Конрой и Дэйли расследовали убийство. Они хотели поговорить с мальчишкой. Когда тот исчез за углом, Джо-старший принялся набирать скорость, что-то в нем открылось, и он бросился вперед еще быстрее — он спешил, летел. (Майкл теперь как будто смотрел глазами отца, глазами своего старика, слышал собственными ушами его дыхание. Он вслед за ним крикнул: «Стоять! Полиция!») Джо-старший устремился за угол, в проулок между двумя домами. Ему пришлось сбавить скорость, чтобы вписаться в поворот. Хороший полицейский не кидается за угол очертя голову. Никогда. Но ведь это же мальчик тринадцати-четырнадцати лет, не подозреваемый, а всего лишь свидетель, с которым они хотят поговорить.
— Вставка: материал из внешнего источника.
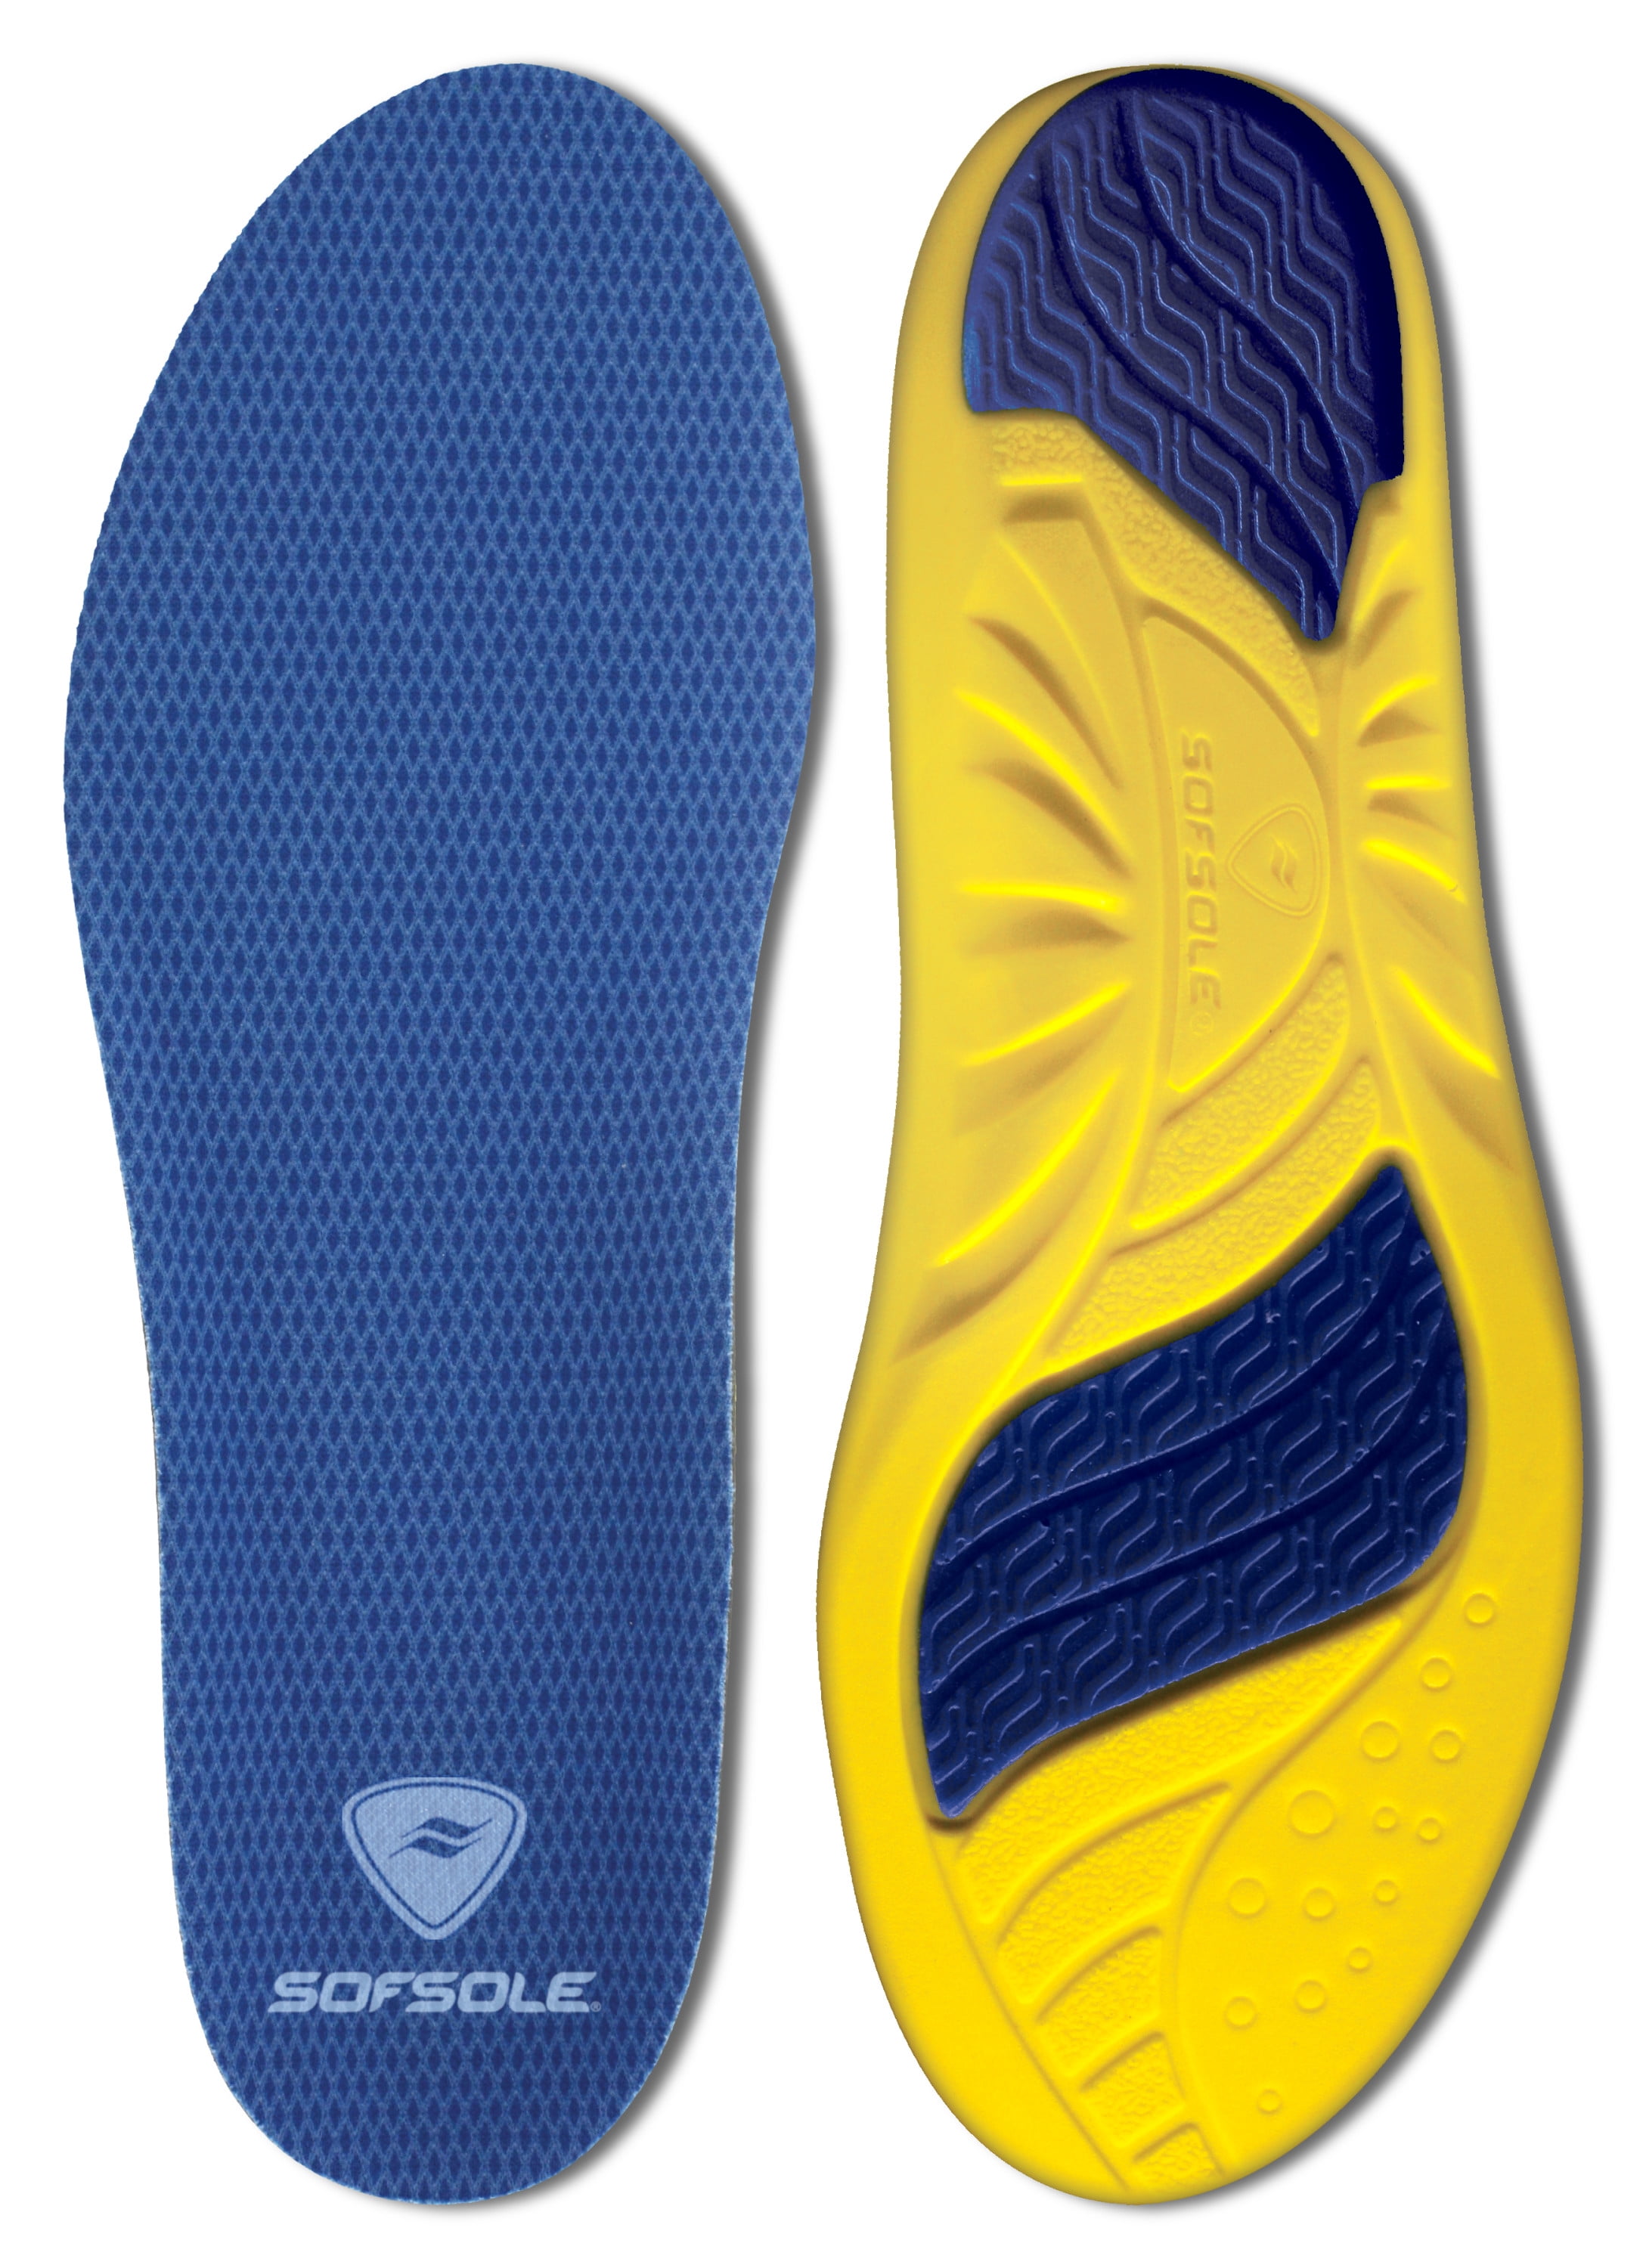 size 16 insoles

Джо-старший обогнул угол и свернул налево, в то время как инерция тянула в другую сторону, словно невидимая нить, — верхней частью тела он подался направо, ухватился левой рукой за кирпичную стену, чтобы удержать равновесие…

Мальчик.

Секундное замешательство…

Нет…

Мальчик с крупнокалиберным пистолетом, который дрожит в детской руке…

В последний момент Джо испытал соблазн взглянуть на пистолет, но вместо этого посмотрел на мальчишку, в глаза ему…

Джо-старший хотел крикнуть: «Нет», — он уже коснулся языком нёба, выговаривая первый звук…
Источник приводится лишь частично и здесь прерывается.